◆ **ACTIVITY**: The listing that follows should be copied in full and exactly, with no pictures.

◆ **STORED DATA**:

*** Begin section ***

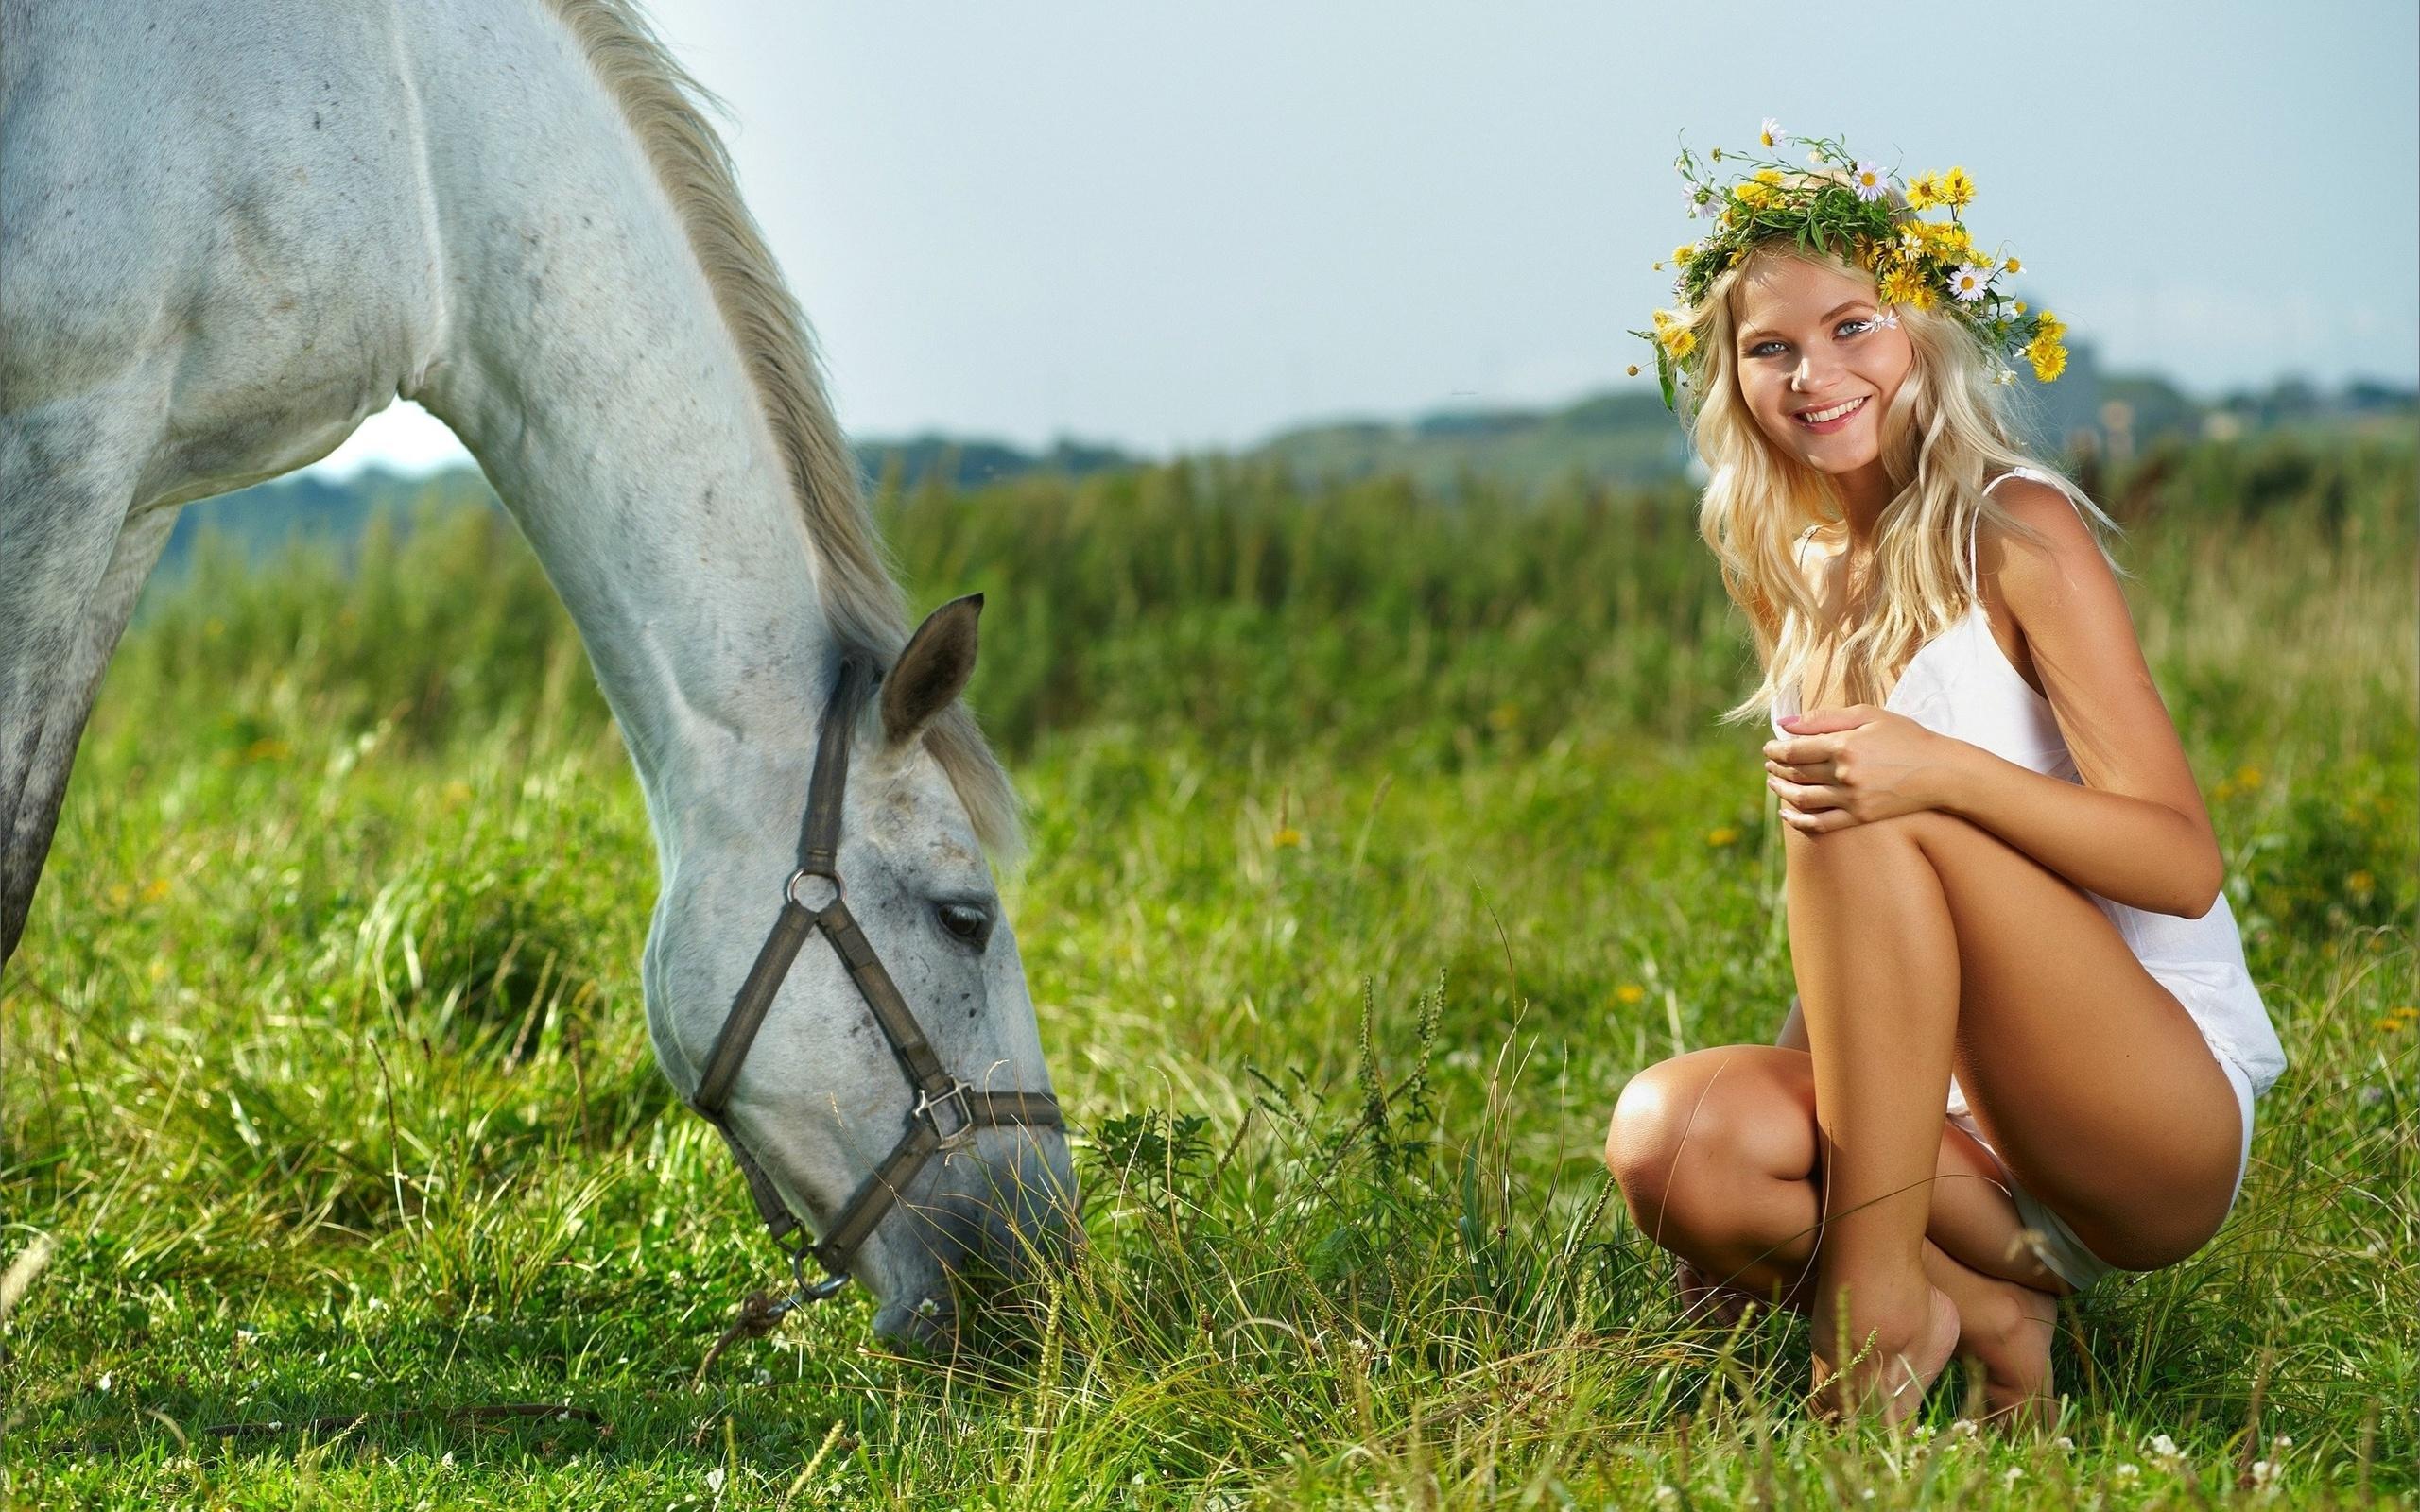 Обои, картинки поиск кони, Sexwall.ru - секс фотки, картинки с
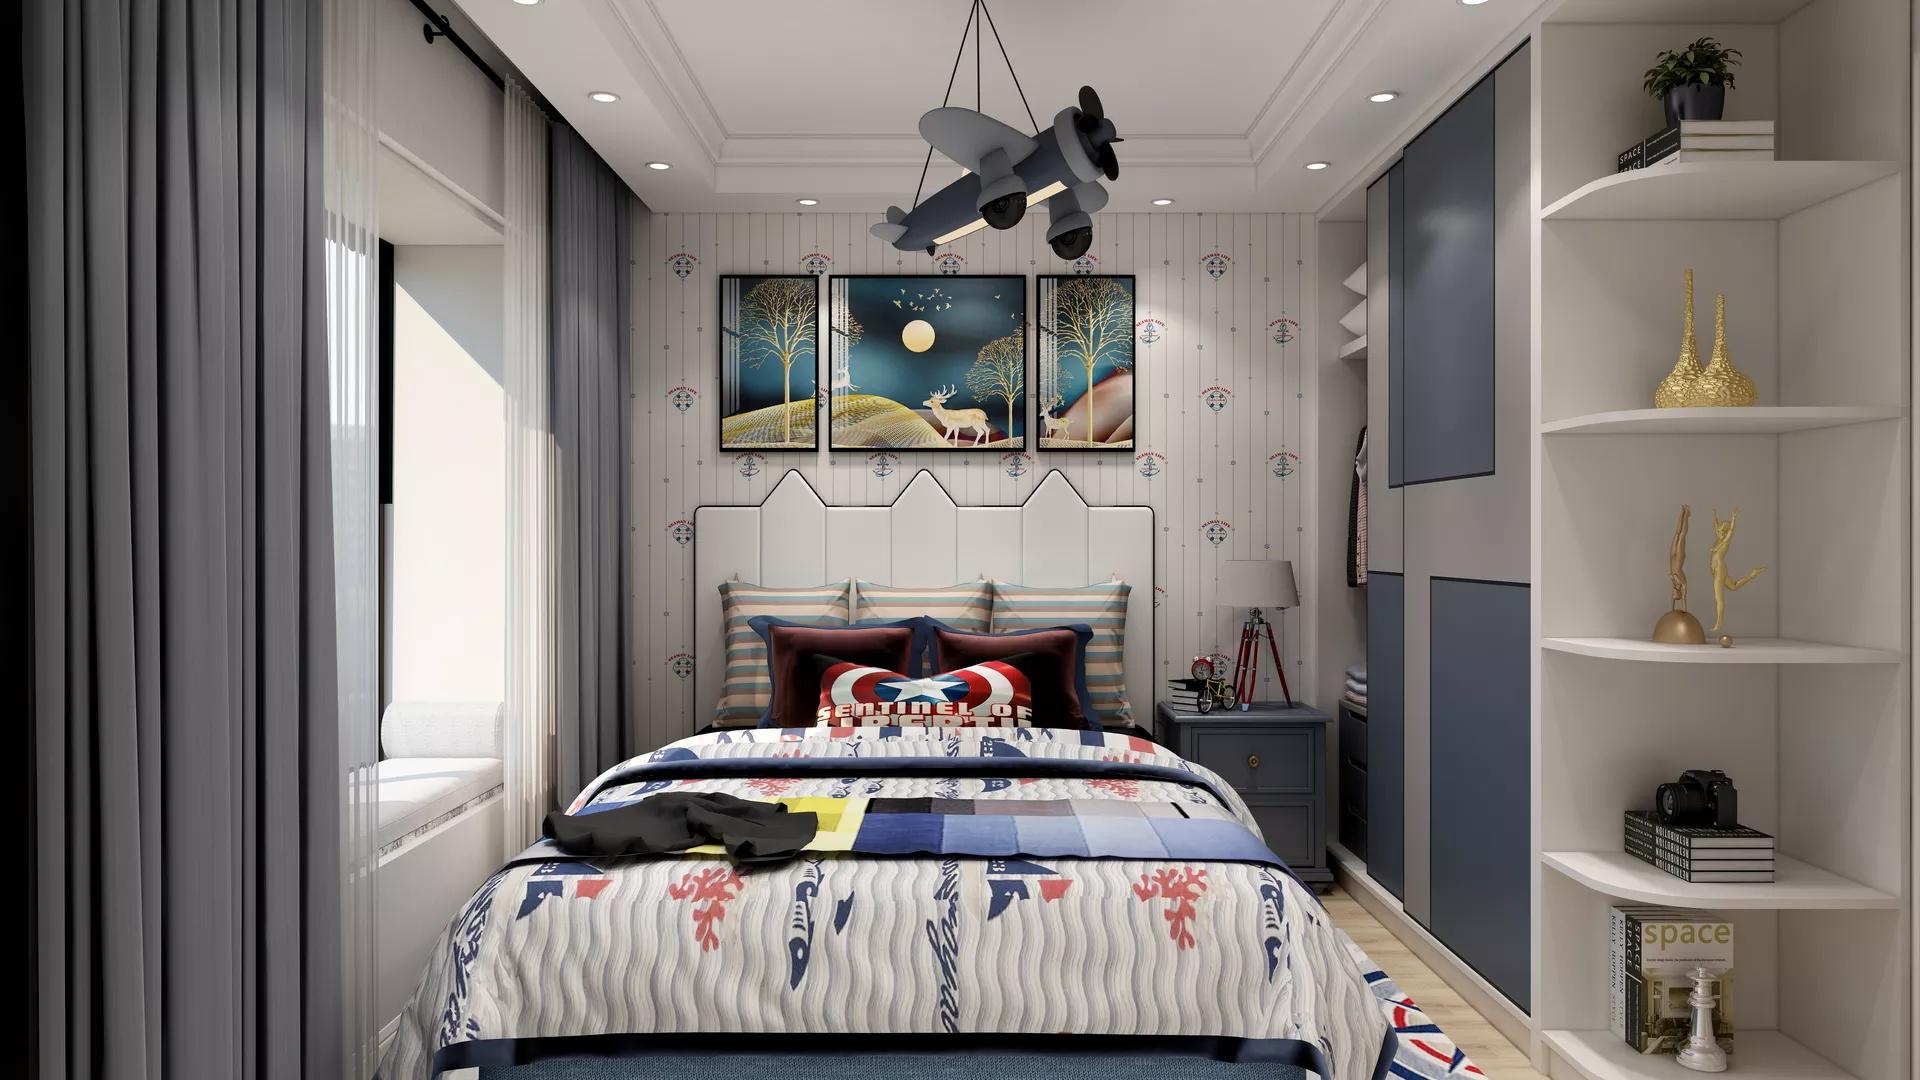 怎么设计旋转电视背景墙 旋转电视安装方法
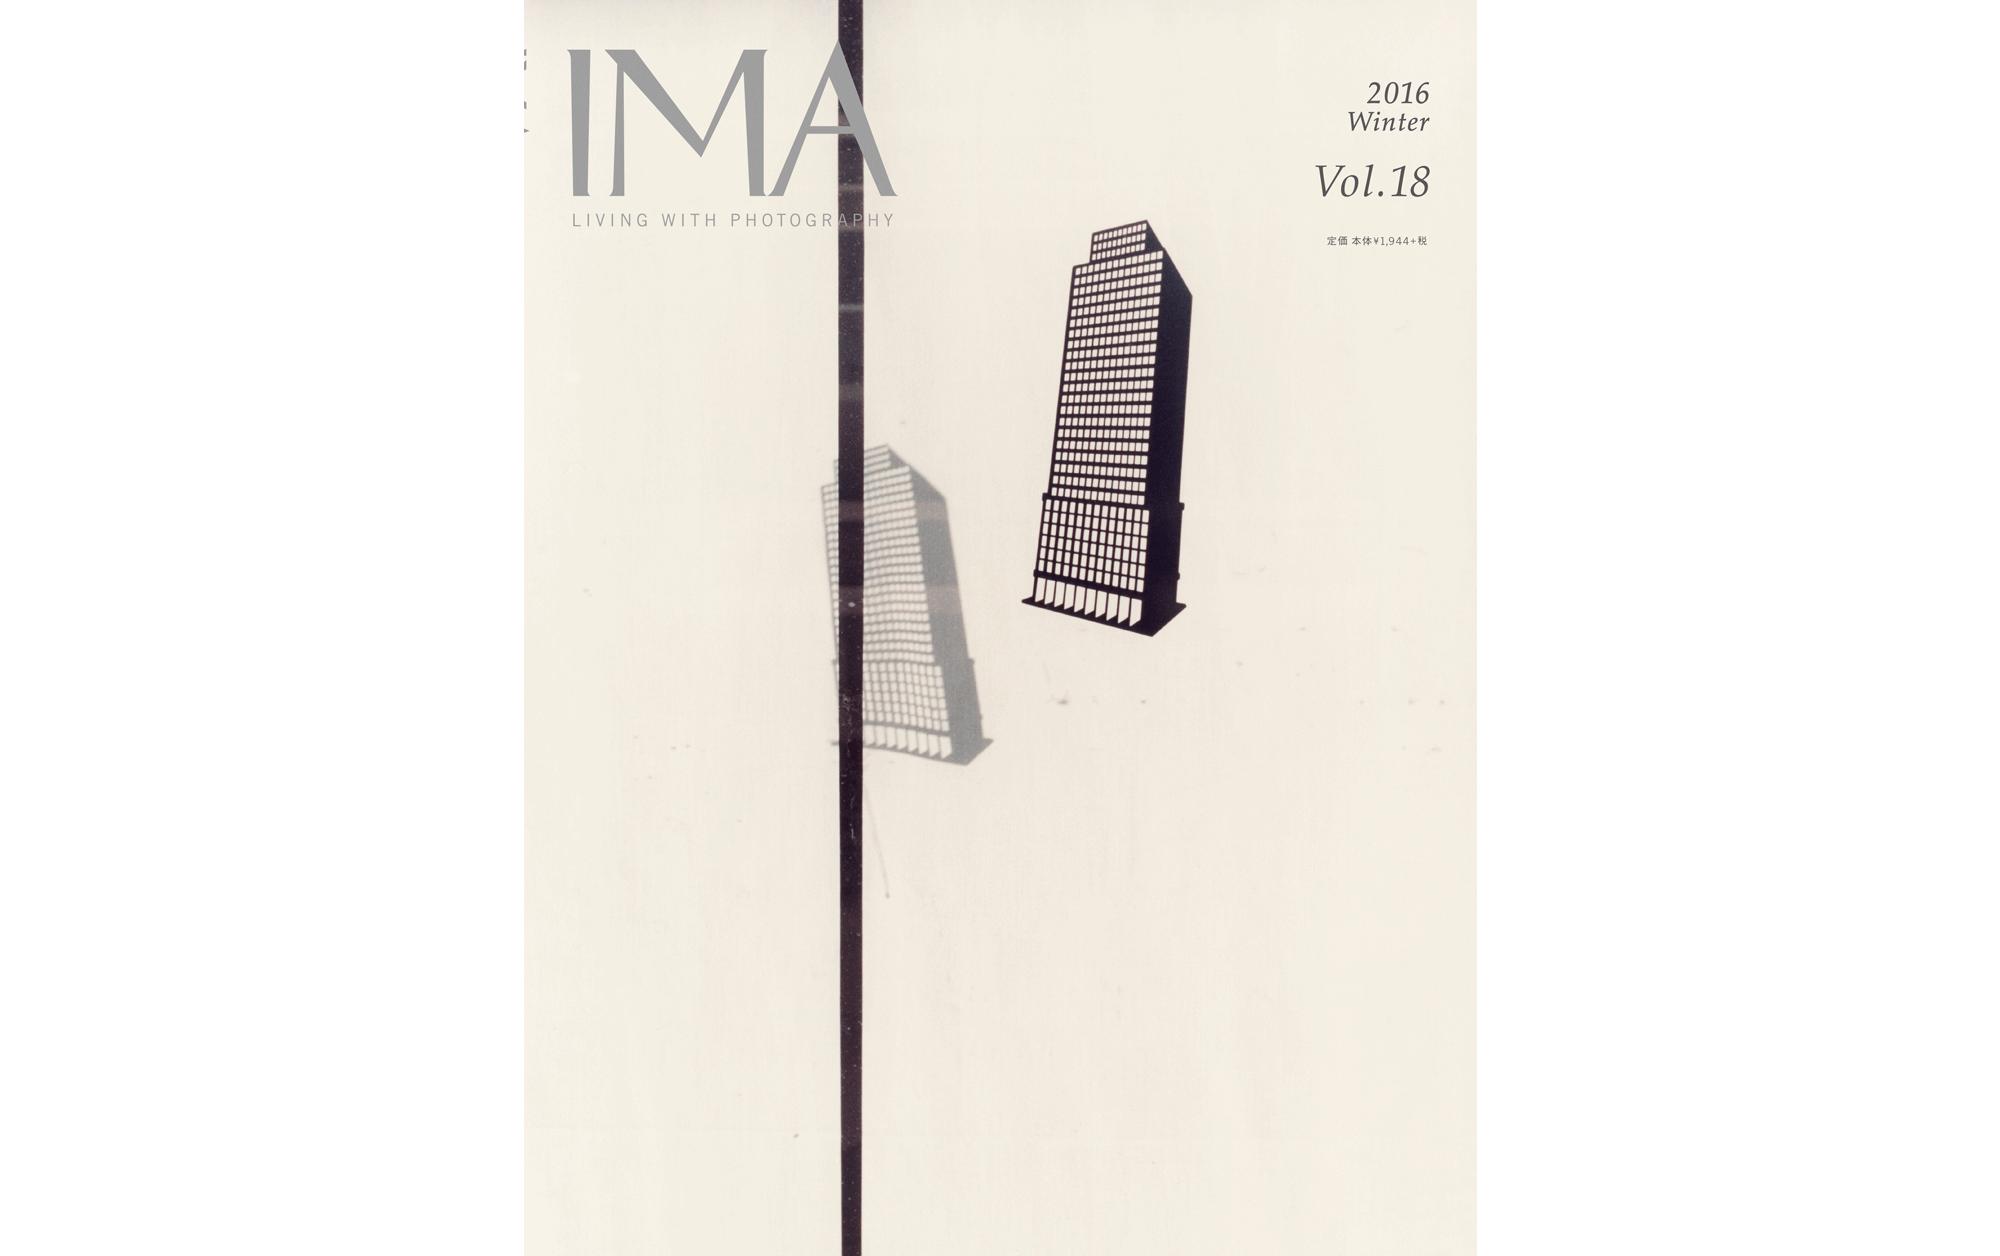 IMA 2016 Winter Vol.18
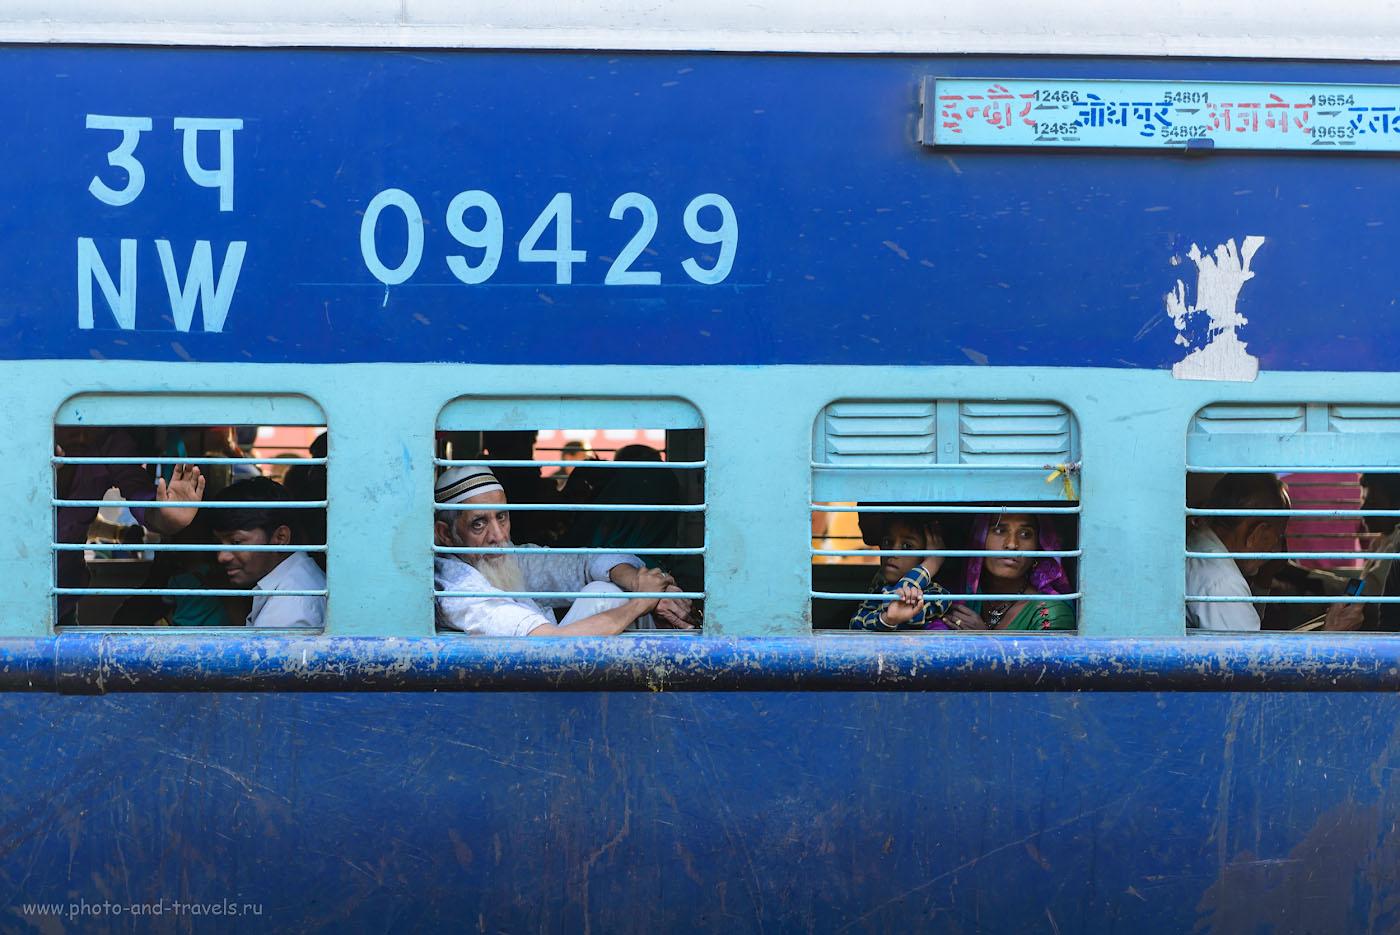 Фотография 19. Поезда в Индии очень колоритные. Сценка на вокзале в Джайпуре. 1/160, 0.33, 3.2, 220, 70.

*** End section ***

◆ **SOLUTION**:
 Обои, картинки поиск кони, Sexwall.ru - секс фотки, картинки с
 怎么设计旋转电视背景墙 旋转电视安装方法
 IMA 2016 Winter Vol.18
 Фотография 19. Поезда в Индии очень колоритные. Сценка на вокзале в Джайпуре. 1/160, 0.33, 3.2, 220, 70.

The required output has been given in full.